Y86-64
Y86-64 is an instruction set architecture described in the cited formal-verification report through its instruction encodings, function-code families, and reference processor implementations. Its standard instruction set includes halt, nop, register and memory moves, arithmetic/logical operations, conditional branches and moves, procedure-call instructions, and stack operations. An iaddq instruction is described separately as optional rather than part of the standard instruction set. [instruction encoding and set]
Instruction encoding and instruction classes
Y86-64 instructions range from one to ten bytes. An instruction consists of a one-byte instruction specifier and may also include a one-byte register specifier and an eight-byte constant word. [instruction encoding and set]
The standard instruction forms shown in the report are:
haltandnoprrmovq,irmovq,rmmovq, andmrmovqOPqjXXcmovXXcallandretpushqandpopq[instruction encoding and set]
Several instruction forms are families selected by a function-code field. OPq covers addq, subq, andq, and xorq; jXX covers branch conditions including jmp, jle, jl, je, jne, jge, and jg; and cmovXX covers conditional moves including rrmovq, cmovle, cmovl, cmove, cmovne, cmovge, and cmovg. [function-code families]
Stack and procedure-call behavior is explicit in the ISA description. popq reads the top word on the stack and then increments the stack pointer by eight. call pushes the return address onto the stack and jumps to the destination, while ret pops the return address from the stack and jumps to that location. [stack and procedure calls]
The optional iaddq instruction adds an immediate value to the value in its destination register. The report describes it as outside the standard Y86-64 instruction set and as implemented by one Y86-64 variant. [optional iaddq]
Design characteristics
The report identifies several CISC-like features in Y86-64: variable-length instruction encodings, arithmetic and logical instructions that set condition codes as a side effect, condition-code-controlled conditional branches and conditional moves, pushq and popq instructions that both access memory and alter register values, and a procedure-call mechanism that uses the stack to save the return pointer. [CISC-like features]
It also identifies simplifying features commonly associated with RISC instruction sets: arithmetic and logical instructions operate only on register data, the ISA supports only simple base-plus-displacement addressing, and instruction bit encodings are simple and use fields consistently across multiple instructions. [RISC-like simplifications]
SEQ sequential implementation
SEQ is a sequential implementation of the Y86-64 ISA in which each execution cycle carries out the complete execution of a single instruction. Its only state elements are those holding Y86-64 architectural state, and its datapath includes functional blocks for instruction decoding, PC incrementing, and arithmetic/logical operations. Its control logic is described in HCL, a simple language for describing control logic. [SEQ implementation]
During a SEQ cycle, execution begins from the current program-counter value: ten bytes are fetched from memory, the next sequential instruction address is computed by incrementing the PC, up to two register-file values are read, the ALU operates on register values, immediate data, or constants, data memory may be read or written, and the PC is finally set to the next instruction address, branch target, or return address read from memory. [SEQ cycle flow]

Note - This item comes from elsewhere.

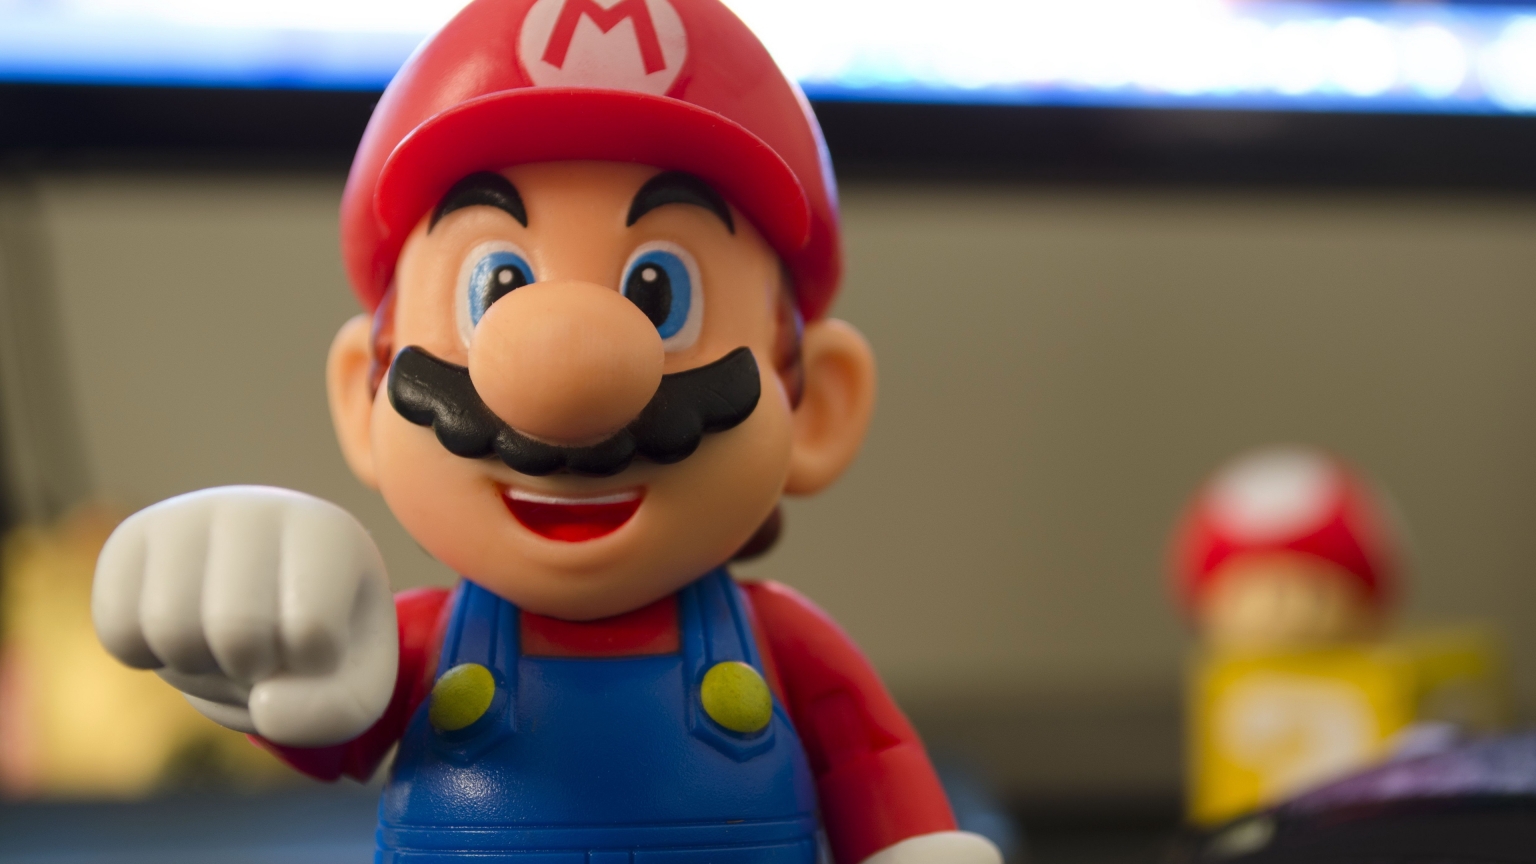 Super Mario Figurine for 1536 x 864 HDTV resolution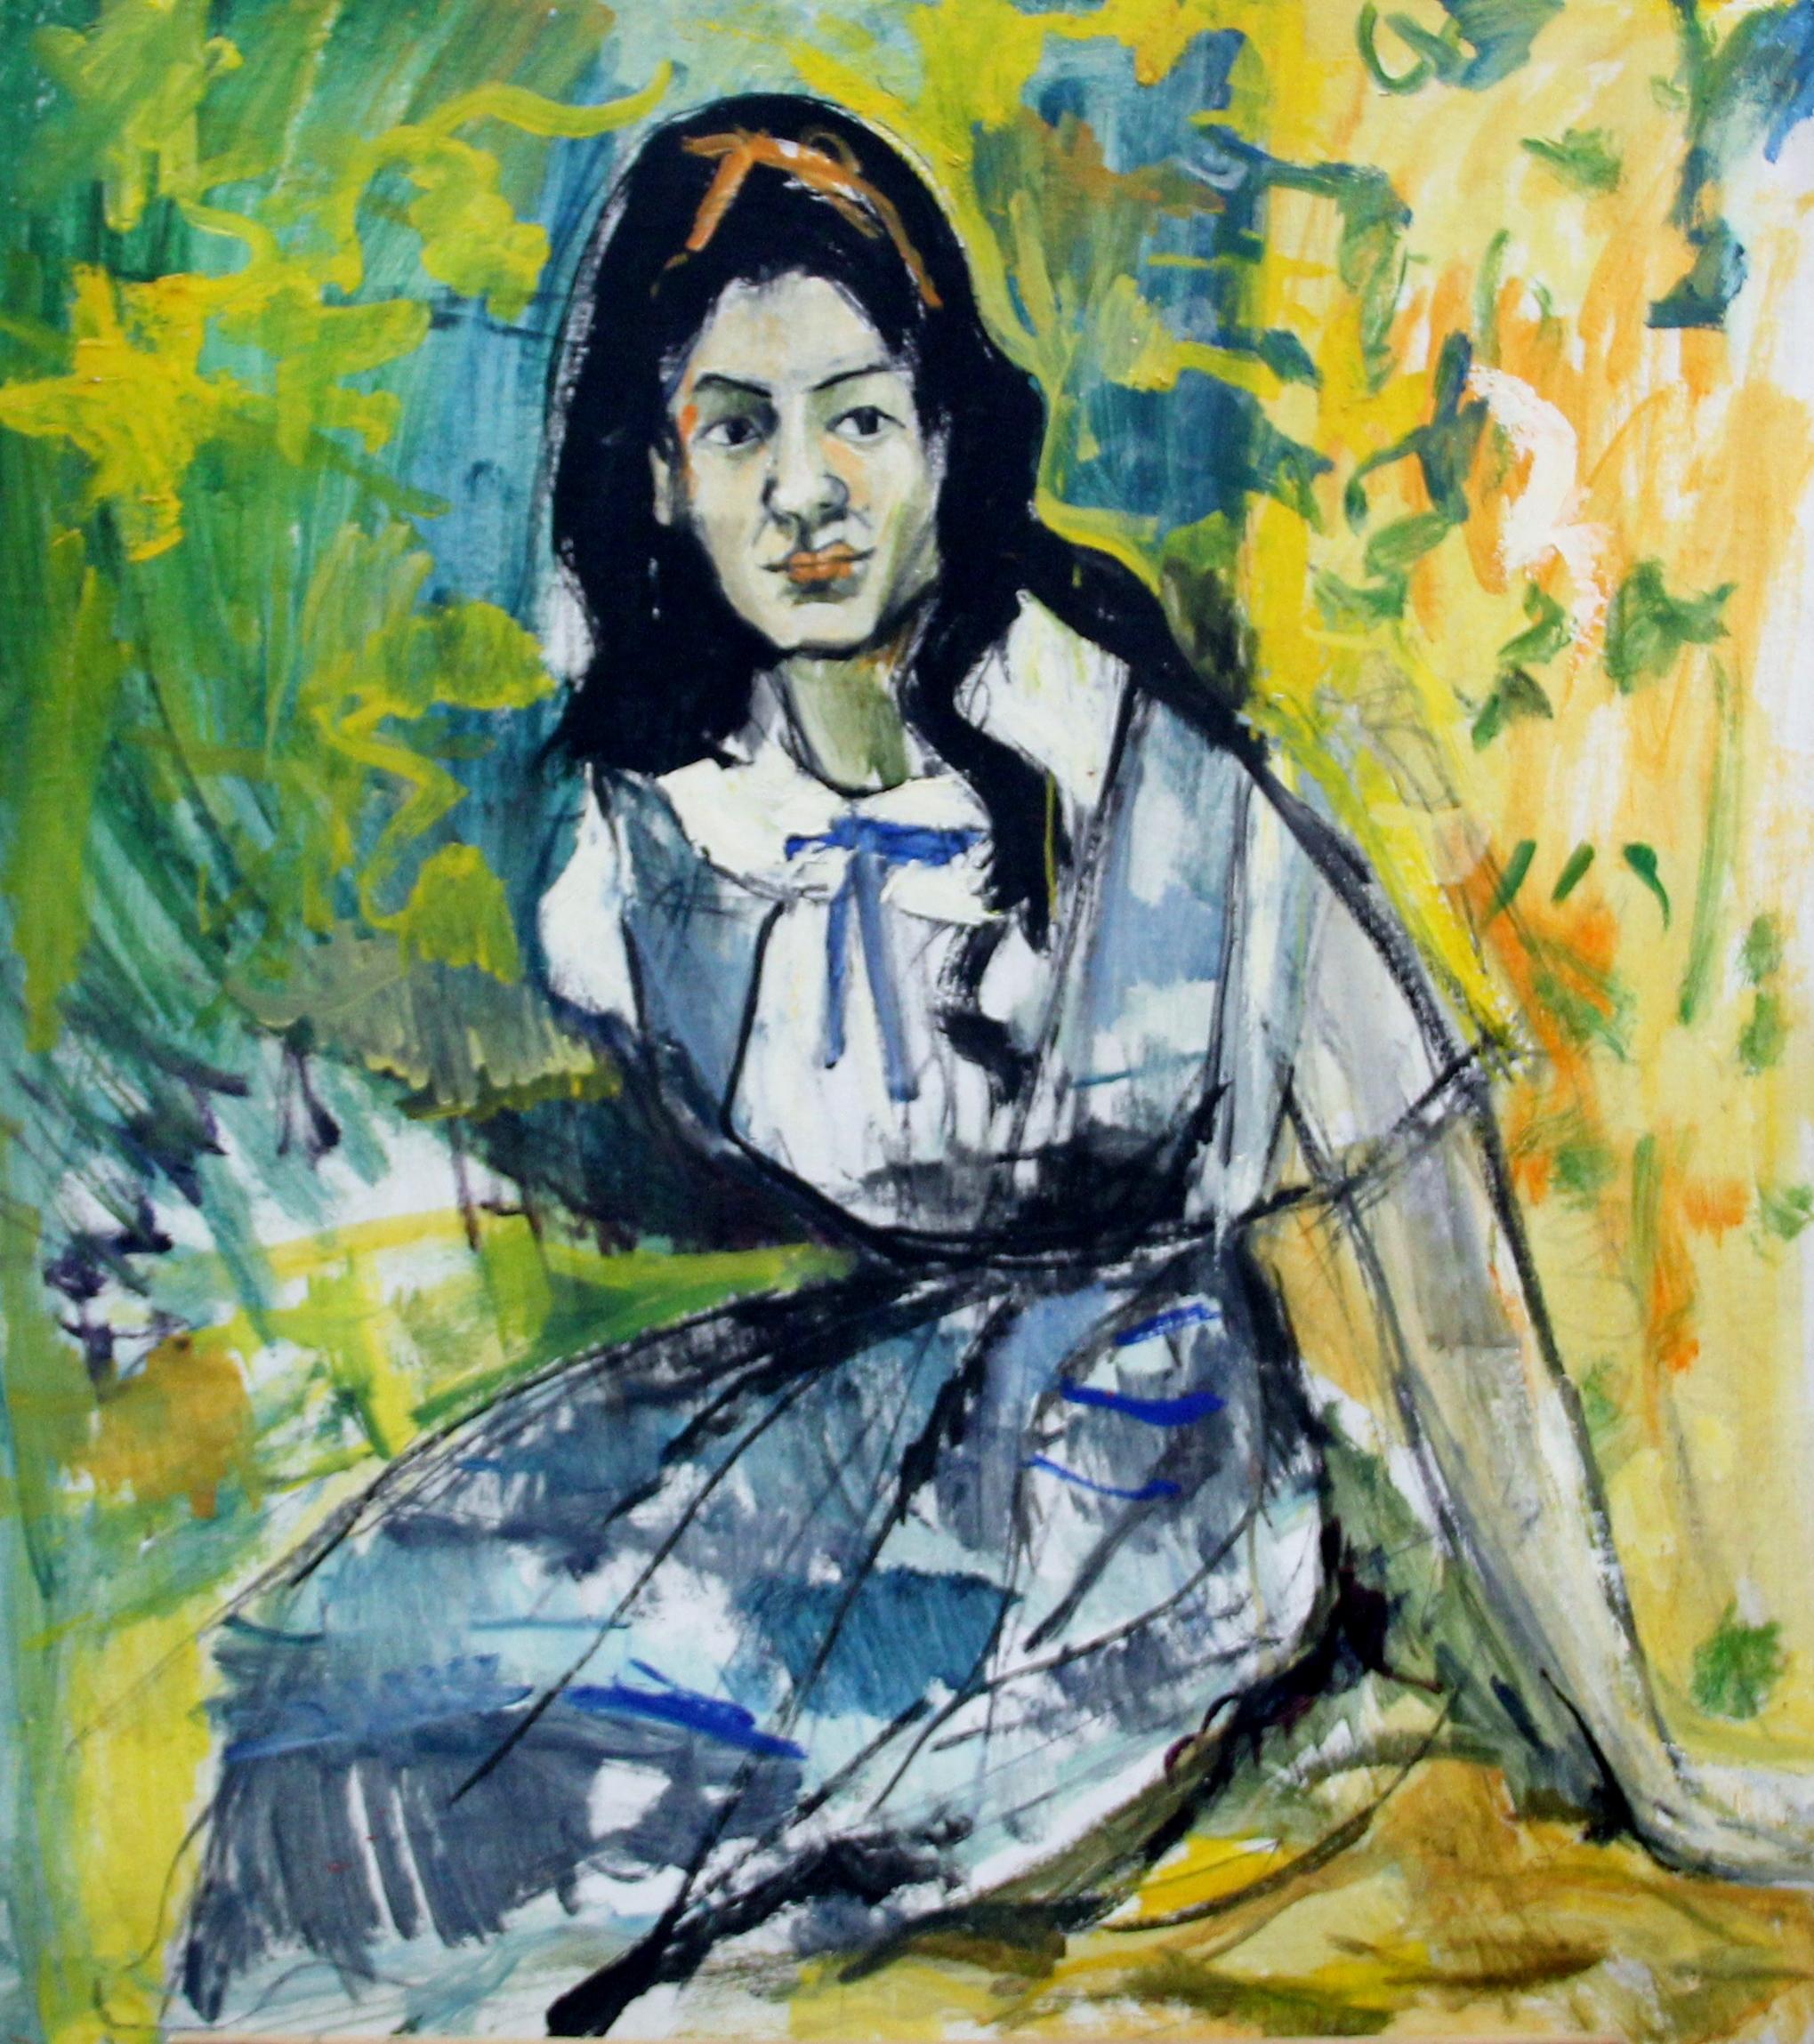 Bernard Harmon Portrait Painting - Girl with Ribbon in Hair, Expressionist Portrait by Philadelphia Artist

PIPE pipelined implementation and variants
PIPE is a five-stage pipelined implementation of the Y86-64 instruction set. It partitions computation into stages similar to SEQ and uses the same set of functional blocks, but adds pipeline registers so that up to five instructions can be in flight at once, each in a different stage. Additional data connections and control logic handle data and control hazards between instructions. [PIPE implementation]
The report describes seven PIPE variants. The standard STD variant handles execute-stage argument hazards by forwarding into the decode stage, stalls for one cycle on load/use hazards, stalls for three cycles for ret, and predicts branches as taken with up to two instructions canceled on misprediction. FULL implements the optional iaddq instruction and is verified against a SEQ variant that also implements it. [PIPE standard and FULL variants]
Other PIPE variants alter forwarding, prediction, or register-file behavior. STALL uses no data forwarding and instead stalls decode for up to three cycles when a later pipeline instruction imposes a data hazard. NT predicts branches as not taken unless unconditional. BTFNT predicts backward branches as taken and forward branches as not taken unless unconditional. LF adds a forwarding path from data-memory output to the pipeline register feeding data-memory input, allowing some load/use hazards to be resolved by forwarding. SW simplifies the register file to a single write port and splits popq execution into two cycles. [PIPE other variants]
Verification context
In the cited verification work, SEQ serves as the reference version of the Y86-64 ISA. The verification flow extracts control logic directly from HCL descriptions and can generate UCLID5 files with different modeling and verification choices. [verification setup]